Do you agree? DIY machines in France’s La Poste are hindrance not help

Nick Inman just wanted to send a parcel to Britain but when staff are replaced by disobedient computers things get tricky

Self-serve machines in French post office likened to rogue computer HAL in the film '2001: A Space Odyssey'

France always used to have excellent public services but is technology replacing human employees for better or worse?

In December, I went to the post office to send a Christmas present to my family in Britain.

The job of postal sales assistant now seems to consist of pointing at signs on the wall and telling the customer that they must do their own stamp processing by using a formidable machine akin to HAL, the disobedient computer in the film 2001: A Space Odyssey. (Incidentally, in French, the computer is called CARL, the Cerveau analytique de recherche et de liaison.)

Read more: 12 things you can do at a French post office other than buy stamps

‘Five of us watched and waited’

‘HAL’ worked fine for the transaction being carried out by the lady before me, but then she received an error message.

“Don’t worry,” declared the assistant, “it’s a bug. It happens frequently. We’ll press this and this…”

But this and this did not convince ‘HAL’ to go back to work.

She fetched the branch manager, who produced a key and rebooted HAL.

Five of us – staff and customers – watched and waited while the machine refused to cooperate.

Its screen went back to Basic (literally) and stayed that way. It had knocked off for the day.

Told to go home

“Can’t I fill out the customs declaration on a piece of paper?” I asked.

The sales assistant pointed to a sign on the wall and interpreted it for me.

“The only alternative is for you to go home, fill out the declaration online, print it out and bring it back here so that we can sell you the stamps.”

Read more: How to fill out French customs form online for packages sent abroad

La Poste’s policy seems to be to make the customer do as much of the work as possible and not bother the staff, whose job used to be to do it for you.

“Shouldn’t we avoid burning fossil fuels, driving back and forth?” I said.

Staff can only point at signs and apologise to customers

This is not a uniquely French problem, I know, but I hope some bureaucrat in Paris will apply Cartesian logic and short-circuit the idiocy.

I might have previously misrepresented the job of postal sales assistants.

As well as pointing at signs and staring at a machine that does not work, their main job is now to apologise to enraged customers for why they cannot do something as simple as sending a parcel from one place to another.

Surely this creates a vicious circle: replacing employees with machines to save money leads to incompetence and inefficiency, which puts off customers and ultimately reduces La Poste’s profitability.

This, in turn, causes it to lay off employees in place of more malfunctioning machines…

The March of AS (Artificial Stupidity)

1. Technology is supposed to make life easier, to bring only advantages and no disadvantages.
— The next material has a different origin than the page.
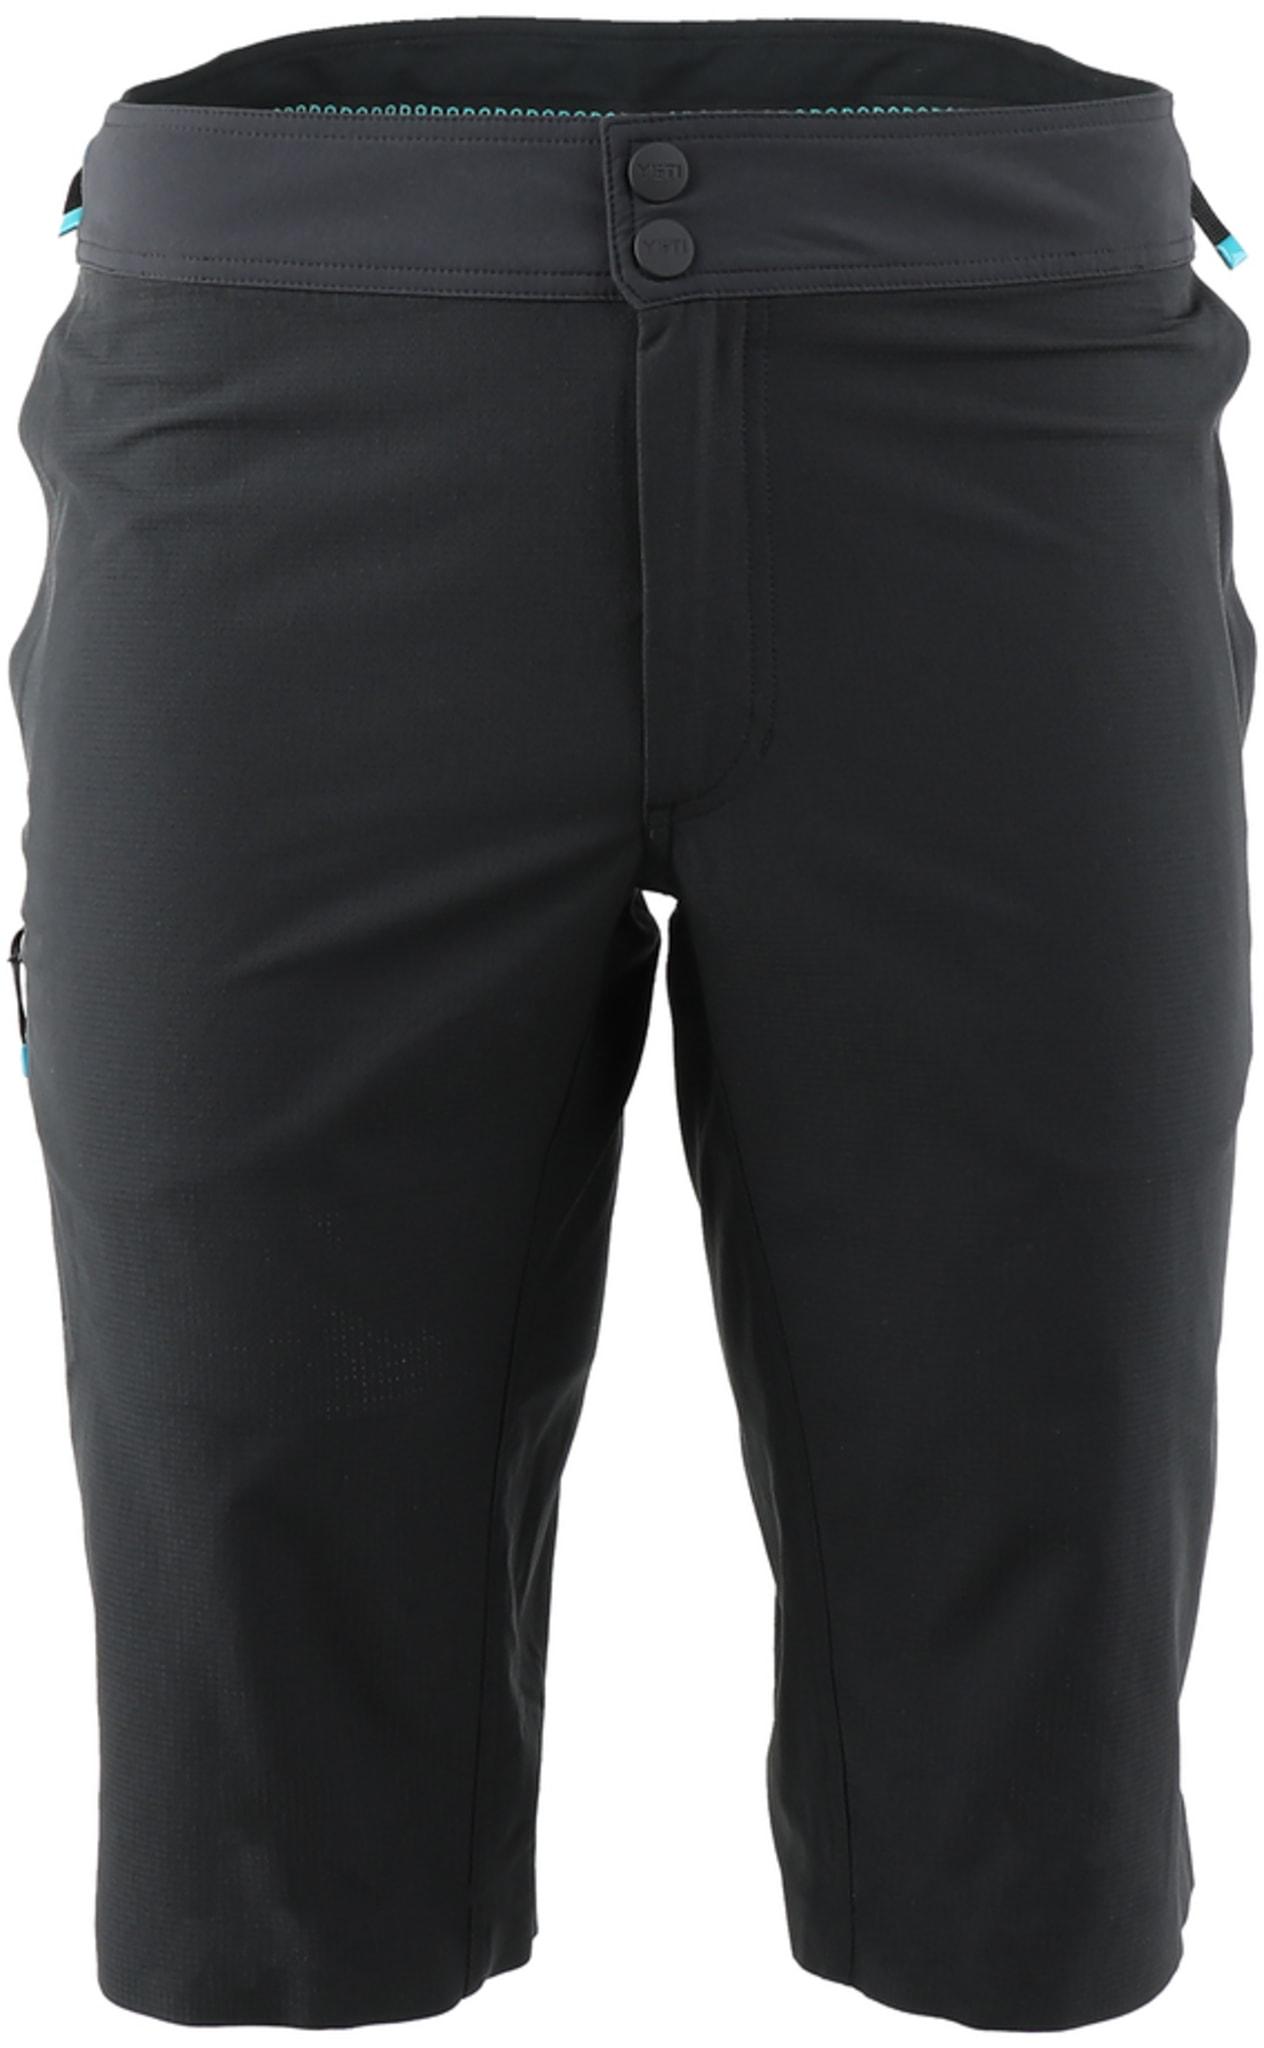 Turq Dot Air Shorts M

There is no other point to it.

2. It is often applied to things that work perfectly well in the mistaken belief they can be made to work even better.
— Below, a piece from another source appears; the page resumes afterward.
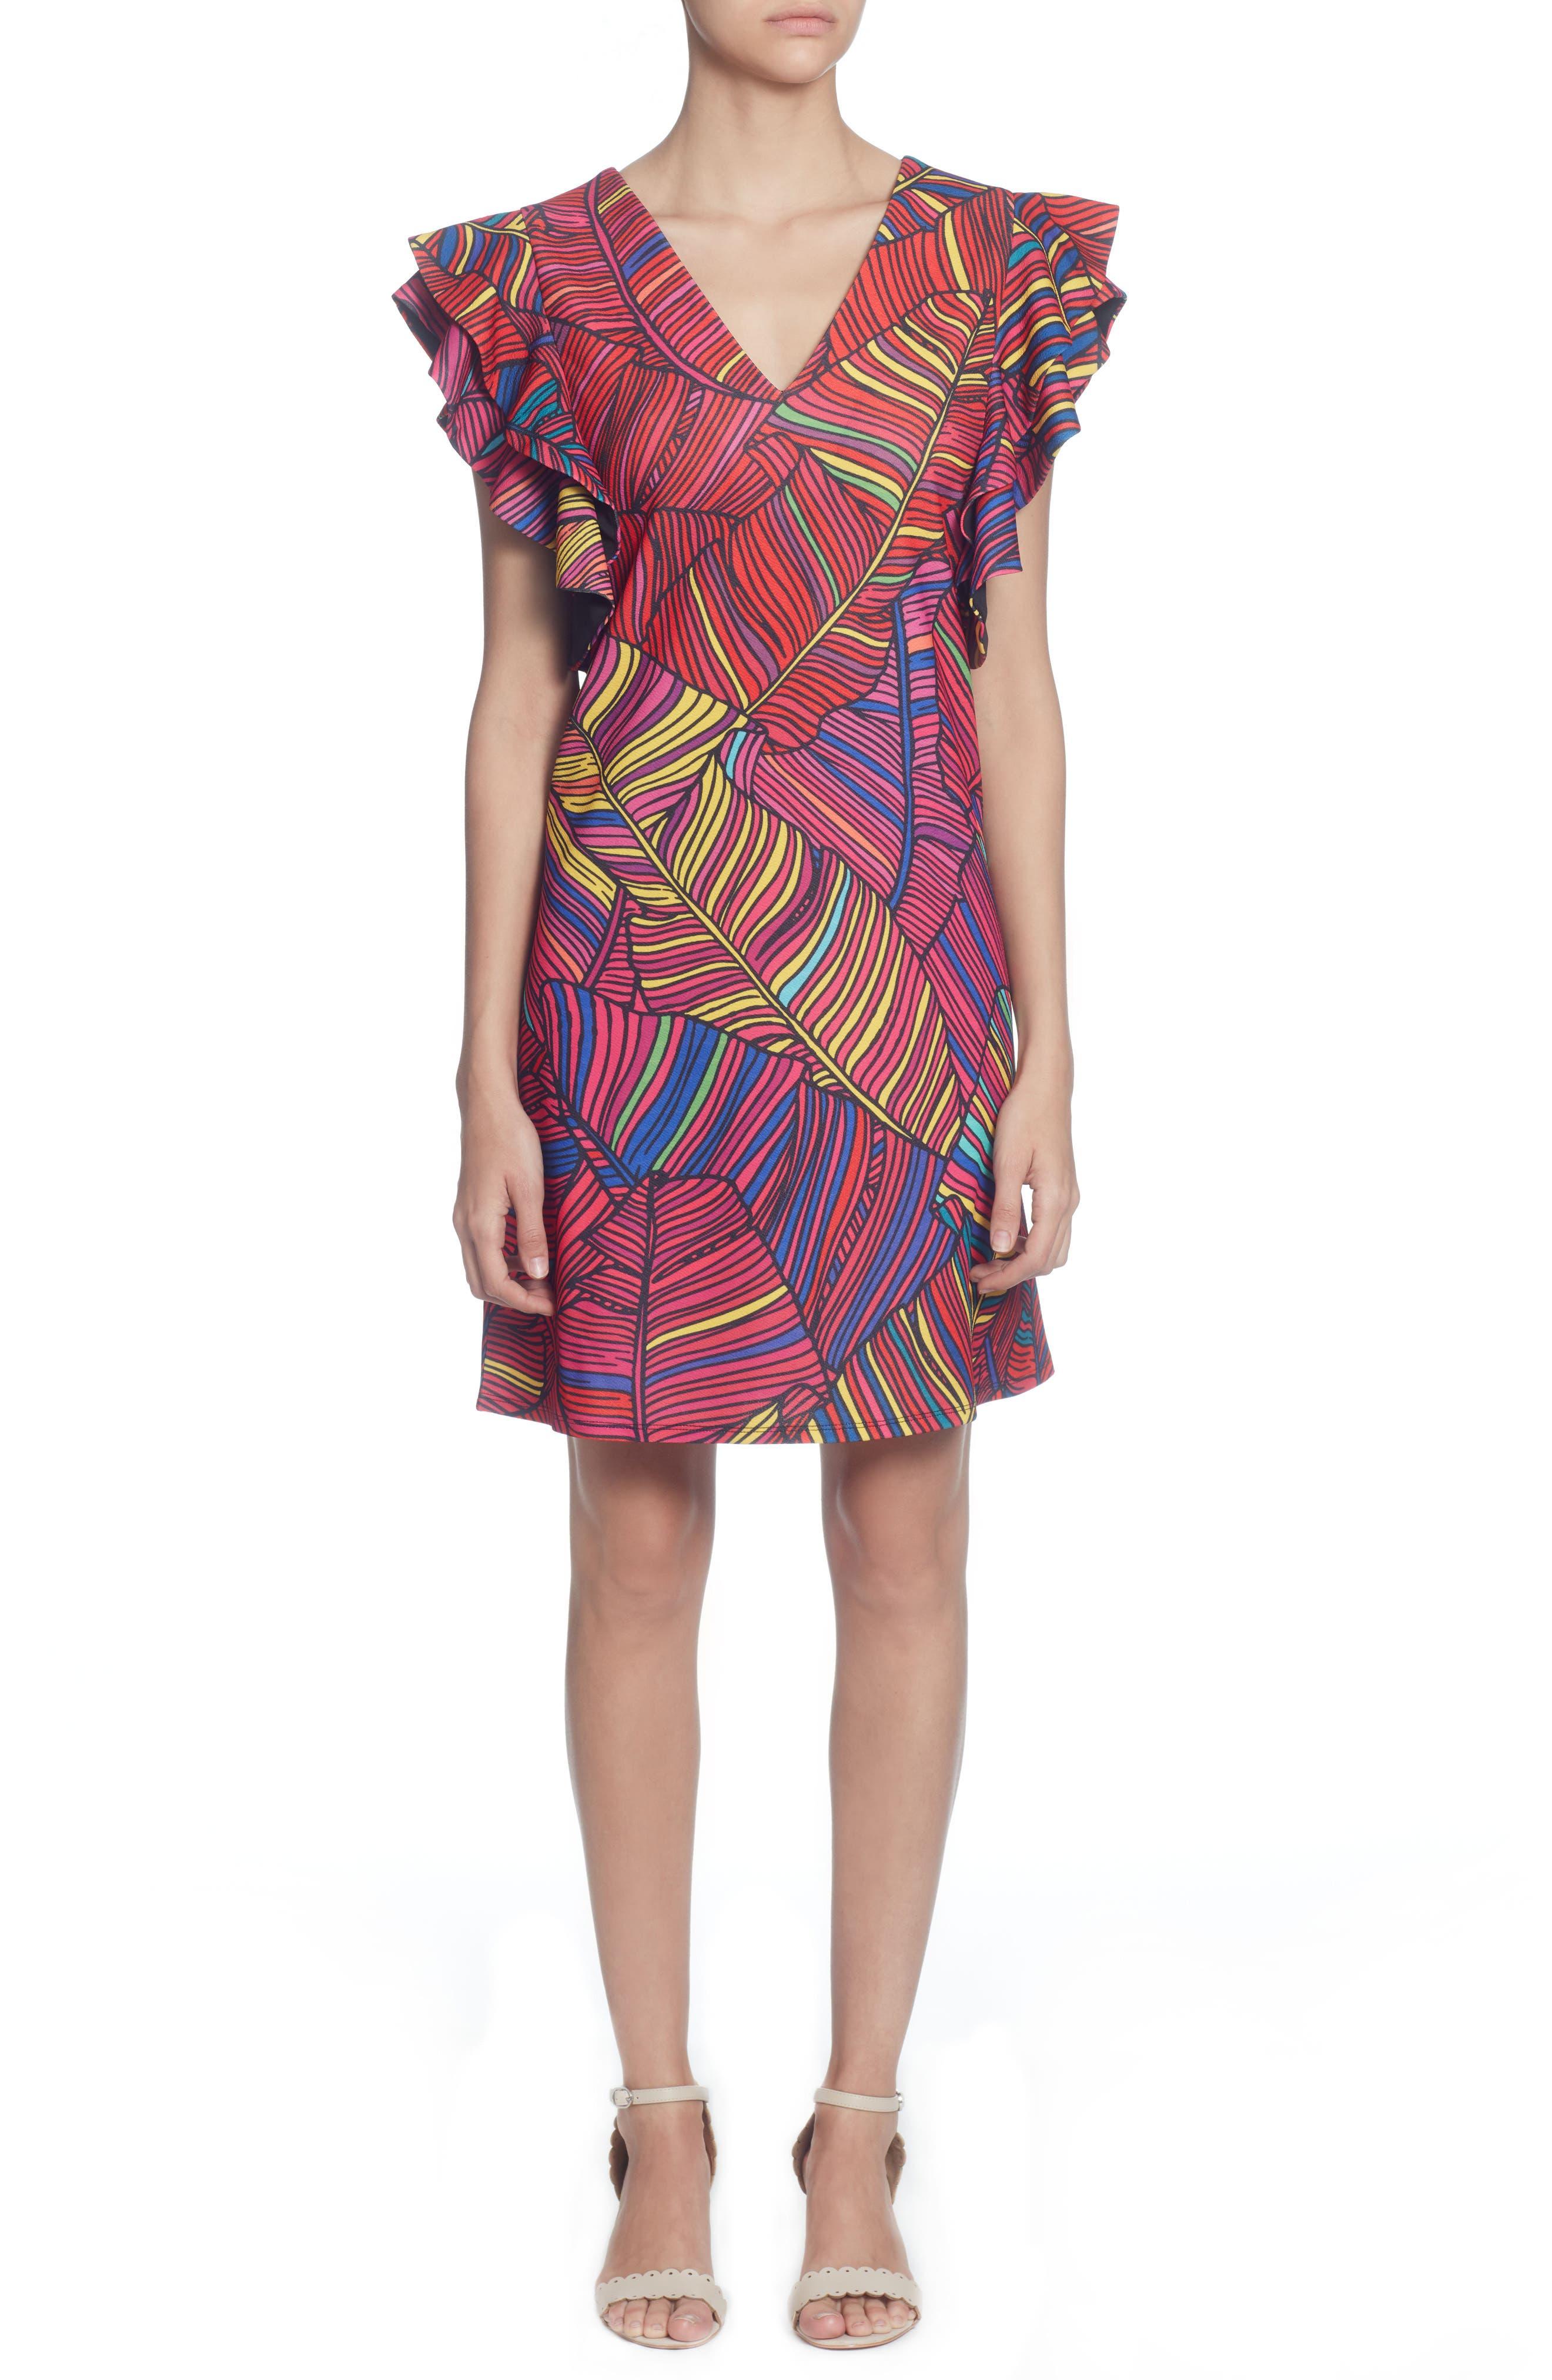 Catherine Catherine Malandrino Sandrine Colorful Palm Print Dress, Red

3. “Even better” never means for the consumer, only for the cost-cutting accountant.

4. Things rarely work better when treated to technology, except perhaps for the young – sharp of eye, nimble of finger – who do not appreciate how lucky they are.
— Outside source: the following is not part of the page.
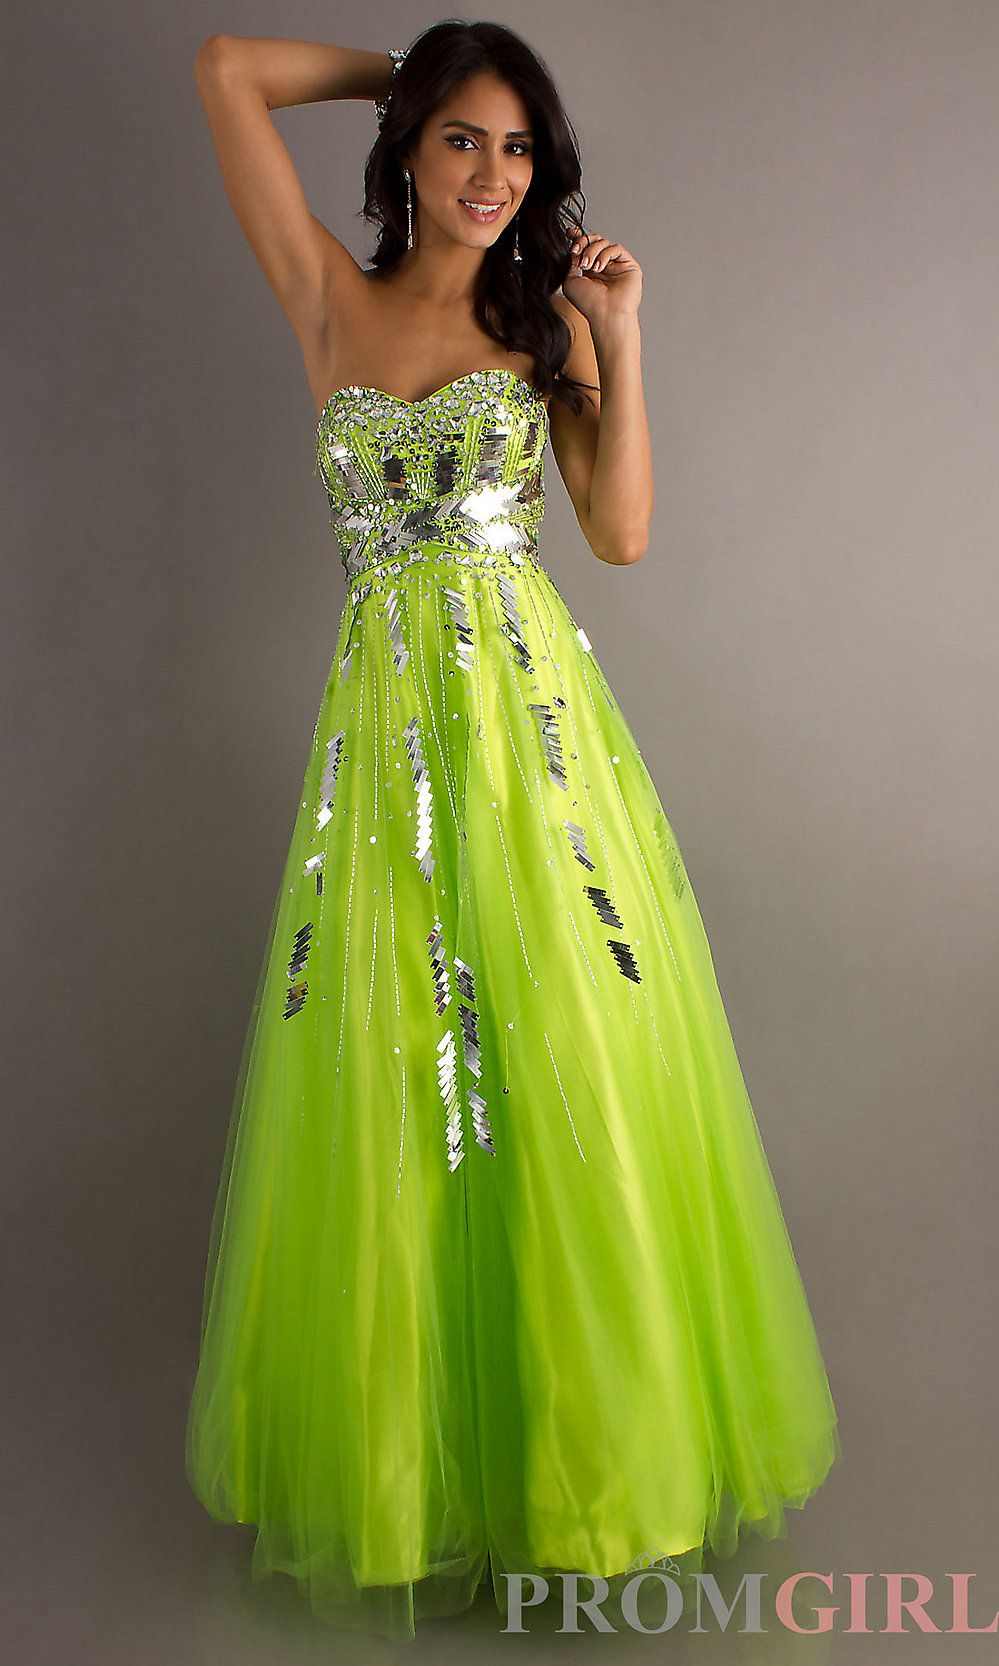 prom dresses, Prom girl dresses

5. The application of technology usually introduces disadvantages that do not emerge until it is too late to correct them.

6. People who work in tech cannot admit points one to five. They always double down on their error, introduce more technology and make things even worse.

7. The people who have the power to prevent all this are incapable of putting things back the way they were when they worked just fine. They do not understand why we are not grateful to them for making improvements in the first place.